# Ten of the Best



## Ludders (Feb 6, 2004)

The GTROC Ten of the Best Team needs one more member so if you want to have a go please contact me straight away. Don't worry if you think your car is not good enough just have a go!

I must be contacted By Thursday (tomorrow) at noon as it is cut off for entries the following day.

Come on guys and gals have a go!



.


----------



## professor matt (Nov 1, 2005)

Still trying to get hold of Steve 

come on guys get your name down:thumbsup:


----------



## [email protected] (May 16, 2003)

well done Jeff for pulling it all together.


I'm confident GTR8 and Top-Jap have 200mph+ in them.
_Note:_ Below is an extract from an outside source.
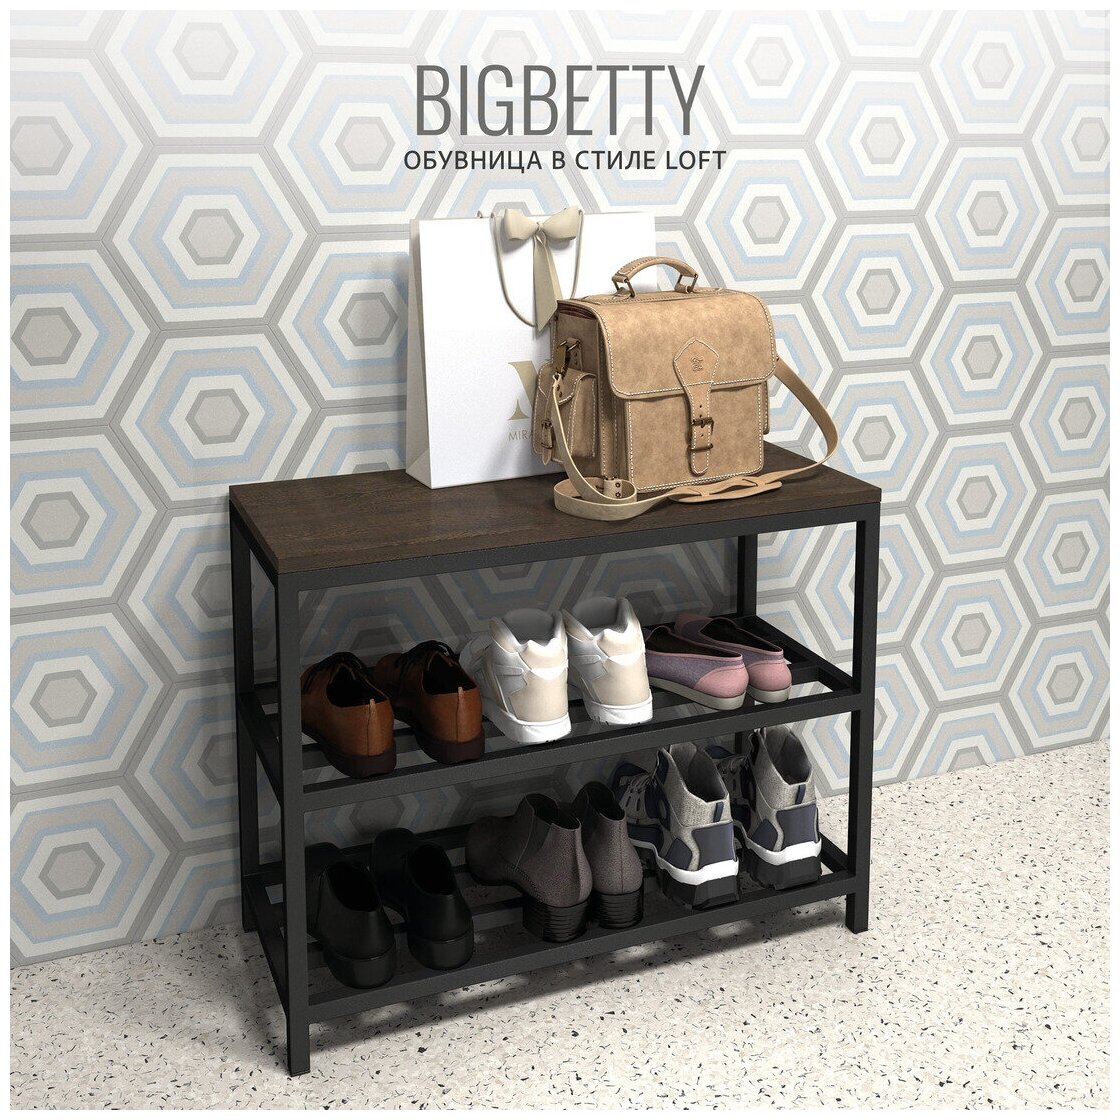 Обувница BIGBETTY loft, темно-коричневая, металлическая, банкетка для обуви, полка обувная, 70х30х55см, Гростат - фотография № 1

But their (small) turbo's won't have more than a 9.8 @ 146 in them, that's where you skyline boys come in :thumbsup:

Please can more R35's sign up ! also reserves. steve, eddie, rob s, chubby etc..etc..


----------



## professor matt (Nov 1, 2005)

Come guys last chance:thumbsup:


----------



## [email protected] (May 16, 2003)

professor matt said:


> Come guys last chance:thumbsup:



can't believe beast from the east JH not going this 

p.s sent you race fuel map.


----------



## Stevie76 (Dec 17, 2009)

No can do sorry chaps...


----------



## johnhanton57 (May 2, 2009)

Benji Linney GTC said:


> can't believe beast from the east JH not going this
> 
> p.s sent you race fuel map.


Do you think the Beast can stand the pace?


----------



## Ludders (Feb 6, 2004)

johnhanton57 said:


> Do you think the Beast can stand the pace?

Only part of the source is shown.